**TASK DETAILS:**
Reproduce exactly the lines from the one containing "Expandí tu negocio" through the end of the listing, minus the pictures.

**DATA BELOW:**

-- -- --

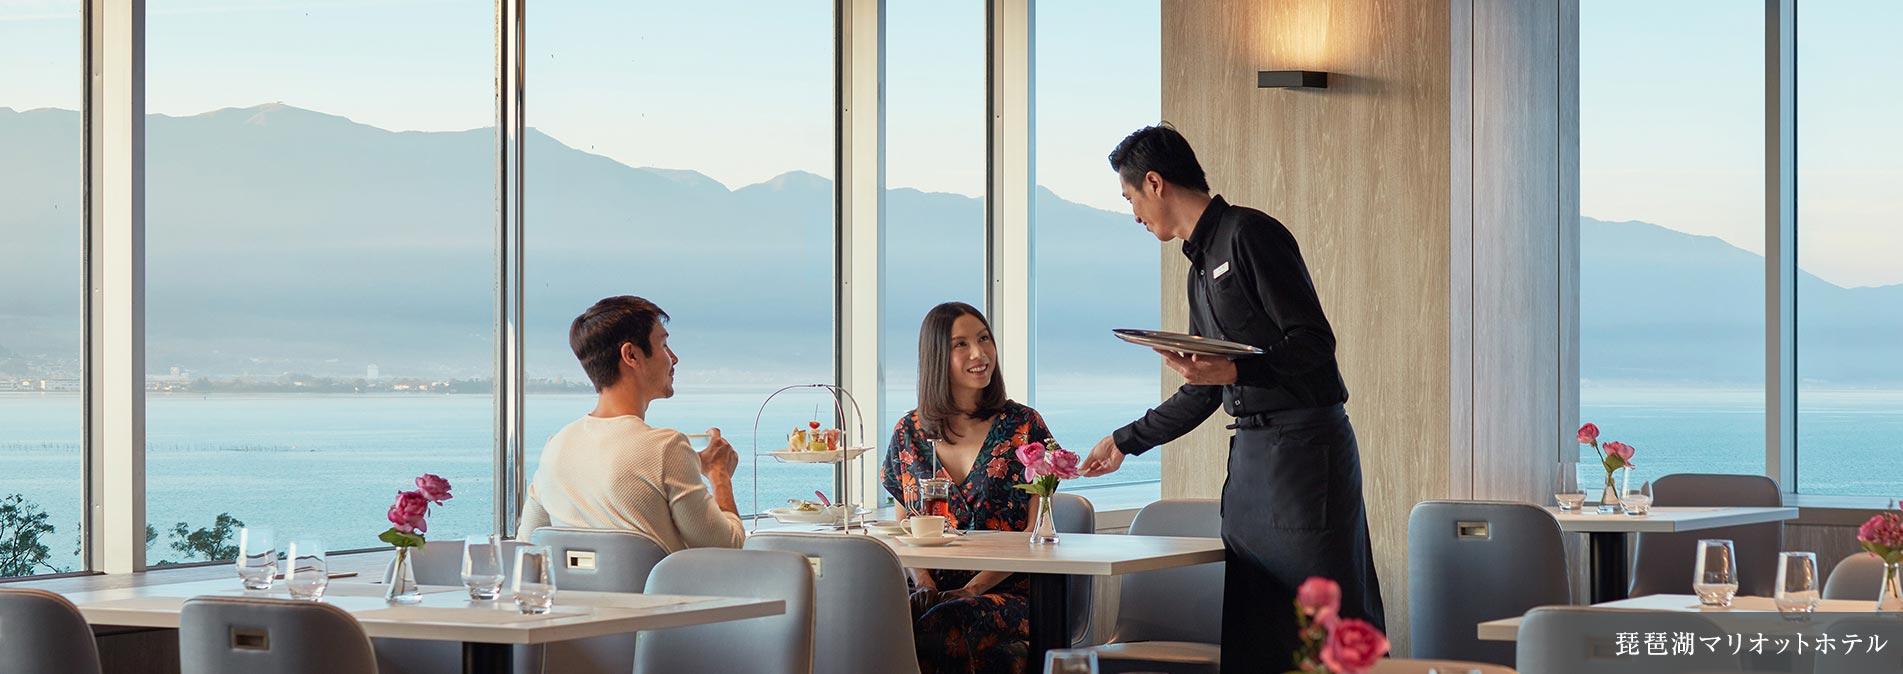 5琵琶湖マリオットホテル
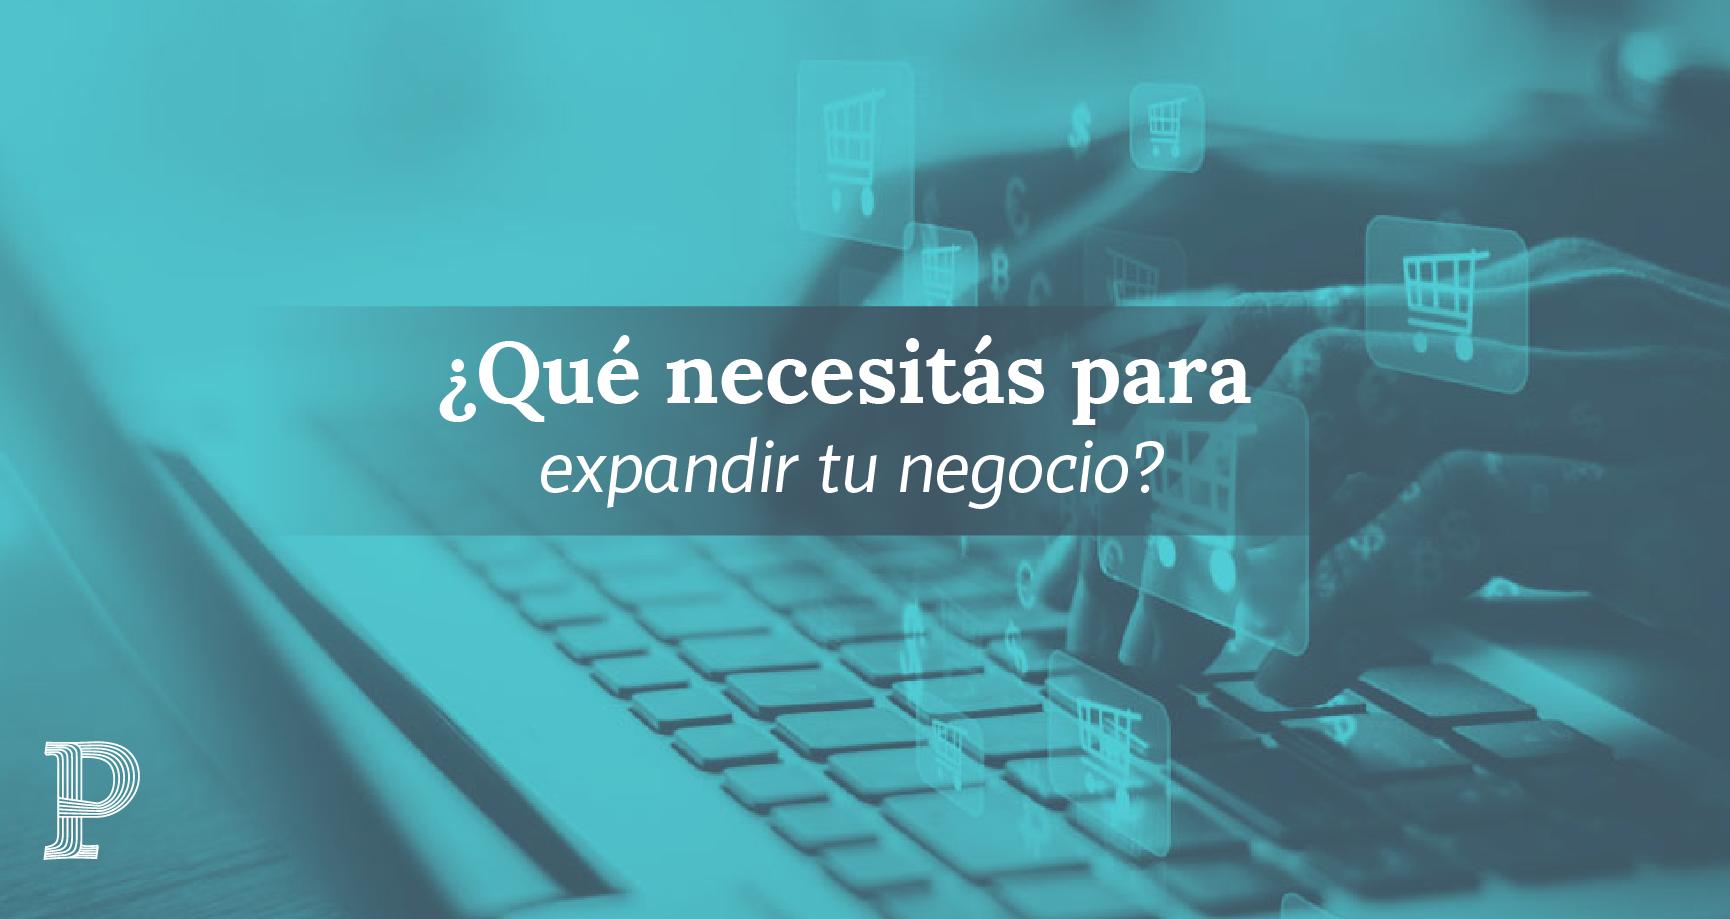 Expandí tu negocio en internet: Oportunidades para llegar a públicos dentro y fuera de  Nicaragua
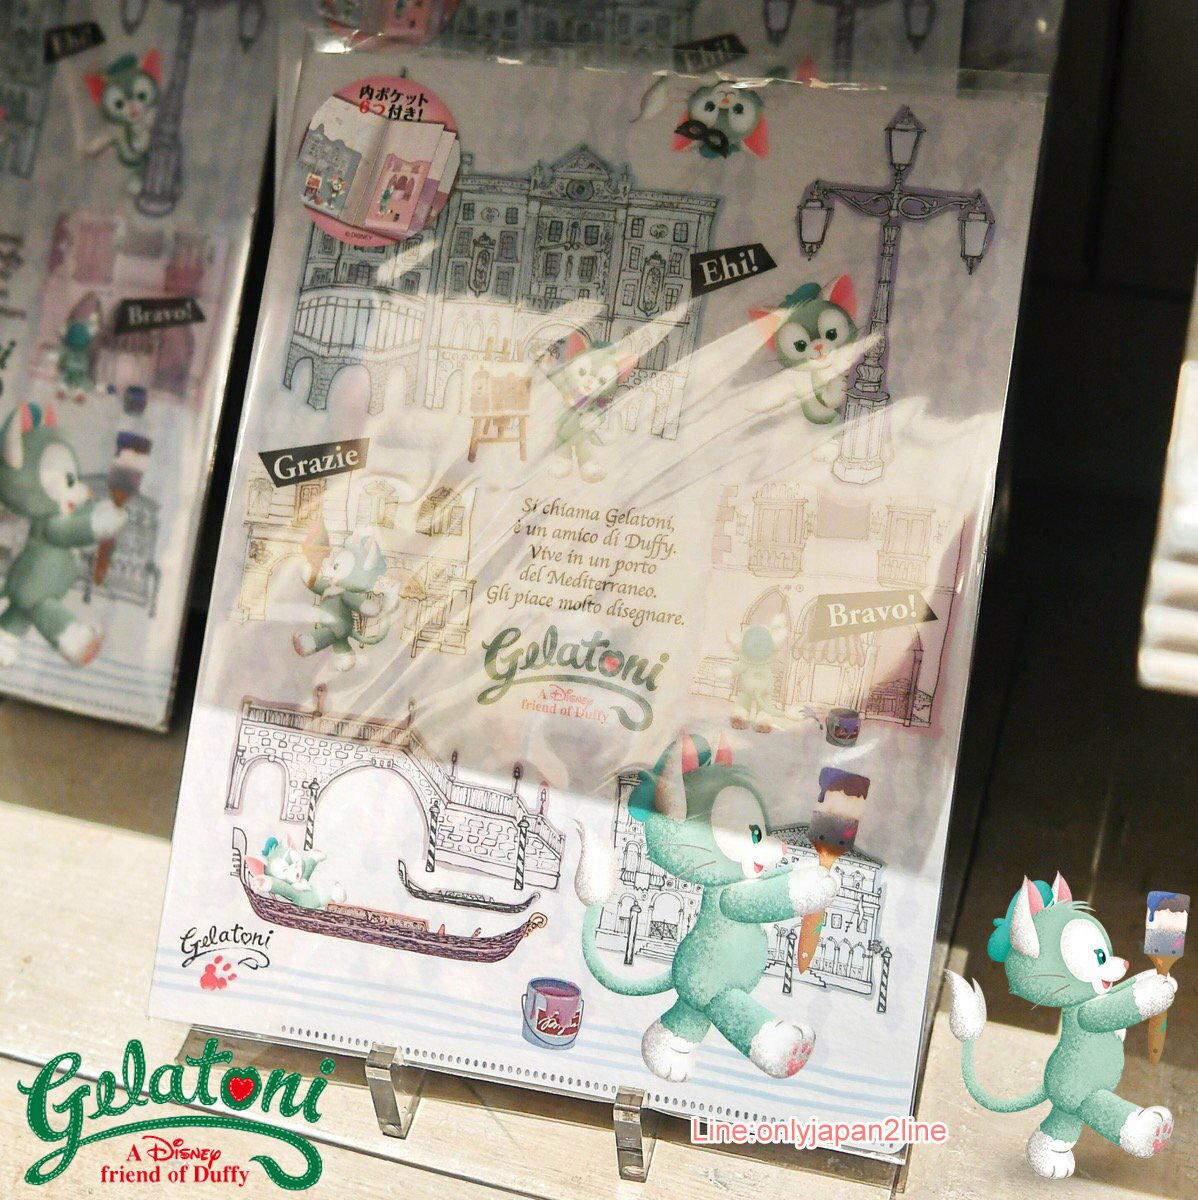 【真愛日本】經典A4資料夾三入組-傑立東尼CAA 傑拉東尼 畫家貓 雪莉玫 Duffy 達菲熊&ShellieMay

-- -- --

**RESPONSE AREA:**
 Expandí tu negocio en internet: Oportunidades para llegar a públicos dentro y fuera de  Nicaragua
 【真愛日本】經典A4資料夾三入組-傑立東尼CAA 傑拉東尼 畫家貓 雪莉玫 Duffy 達菲熊&ShellieMay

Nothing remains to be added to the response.